Светлый фон

Чарли засмеялась и тут же зарыдала. Ее плечи затряслись. Слезы полились на крышку гроба. Сэм смотрела, как они скатываются вниз, на край стальной каталки, и капают на пол.

— Черт! — Чарли вытерла нос тыльной стороной ладони.

За витриной с фурнитурой для гробов она нашла коробку салфеток. Высморкалась. Вытерла глаза. Тяжело опустилась на стул рядом с Сэм.

Они вдвоем смотрели на гроб. Броские золотые ручки, ажурные угловые накладки. Яркая белая краска сияла, будто в финишный слой лака добавили блесток.

— Просто поверить не могу, до чего уродливая штуковина. — Чарли бросила использованную салфетку в сторону. Достала из коробки еще одну. — Похожа на гроб Элвиса.

— Помнишь, как мы ездили в Грейсленд?

— О да, тот белый «Кадиллак».

Расти уговорил смотрителя разрешить ему посидеть за рулем. «Кадиллак Флитвуд» был покрашен такой же сверкающей белой краской, что и гроб Расти.
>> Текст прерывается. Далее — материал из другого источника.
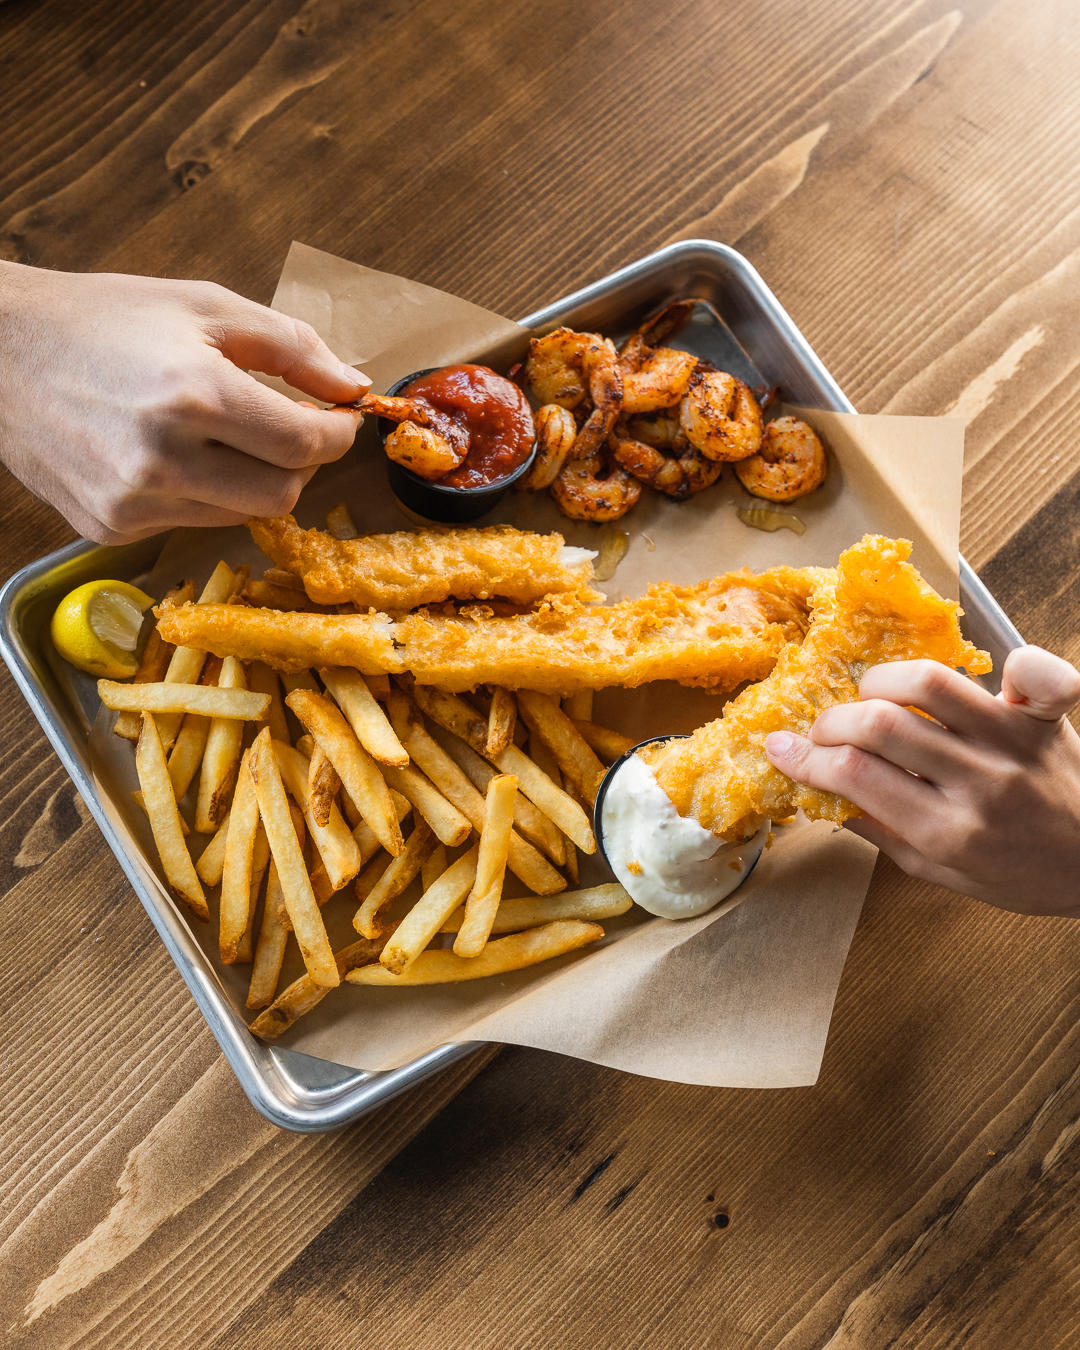 JOEY'S FAMOUS FISH & SHRIMP COMBO - Two pieces of Joey's Famous Fish, and shrimp cooked your way, se Joey's Fish Shack Medicine Hat (403)487-4883

Искрился он от настоящей алмазной пыли.

— Расти мог кого угодно уговорить на что угодно. — Чарли снова вытерла нос. Откинулась на спинку стула. Скрестила руки на груди.

Сэм слушала, как где-то тикают часы, словно метроном, бьющийся в такт с ее сердцем. На кончиках пальцев она все еще чувствовала «тук-тук-тук» пульса Расти. Она два дня умоляла Чарли исповедоваться перед ней, но собственные грехи были куда тяжелее.

— Я не давала ему умереть, — сказала она. — Моему мужу. Никак не хотела его отпускать.

Чарли молча теребила салфетку в руках.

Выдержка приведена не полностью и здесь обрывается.